Interview advice hasn’t changed much over the last few decades. Even with the rise of technology, key methods have remained the same – practice and prepare. Here are some of the best ways to implement tried-and-true interviewing techniques in your modern IT job interview process.
Do Your Research
Employers want to know you’re not only just a skilled asset, but an invested potential employee. One way to show the interest and enthusiasm is to make sure you’re educated on everything from their history to their upcoming product launches. In the past, job applicants may have reached out to their professional network to find connections who might know someone at the company who could answer questions or provide insight. Now, instead of using a Rolodex, applicants can use LinkedIn and Glassdoor to learn everything from the company’s core values to what past applicants brought to the position. The internet has made this process much easier, and because it’s so easy to find out information about a job, a company, or a product line, there’s no excuse for not doing your homework.

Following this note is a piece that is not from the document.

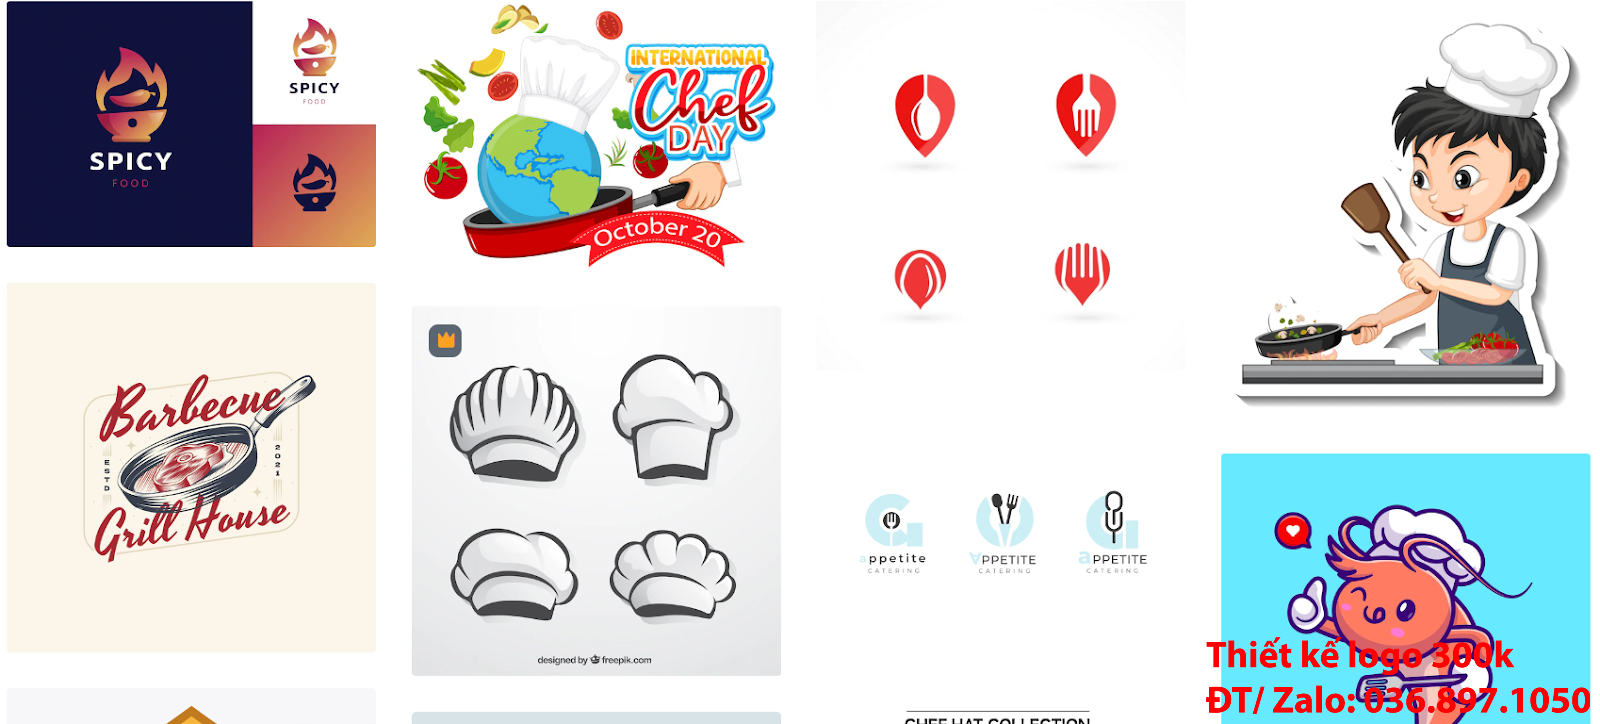 Công ty nhận thiết kế online các Mẫu Hình ảnh Logo đầu bếp chef cook PNG và Vector đẹp giá rẻ chuyên nghiệp với chất lượng cao nhất tại Tp Hồ Chí Minh

The truth is you won’t know exactly what will be asked at your interview, but it’s easier than ever to prepare for the possibilities. Glassdoor reviews can offer insight on what applicants are asked at interviews, and a simple online search can help you find lists of commonly asked interview questions. While you can’t memorize answers to every potential question, get comfortable answering questions about your past experiences. When looking at lists of questions, write out answers to help your mind become more familiar with how you want to respond to them. A well-prepared, but not overly rehearsed, interview exchange can go a long way towards helping you engage with your interviewer.
Show Up Prepared
In the age of digital resumes and portfolios, you might think you don’t need to bring hard copies of application materials, but you should. If there are last-minute additions to the interview who didn’t get a printout or the interviewer isn’t working from a laptop, you’ll want to be able to provide them with at least a resume for reference. While anyone interviewing applicants should be familiar with their background, you can show you’re adaptable and prepared for anything with copies of your resume, a notebook, a pen, and even a business card.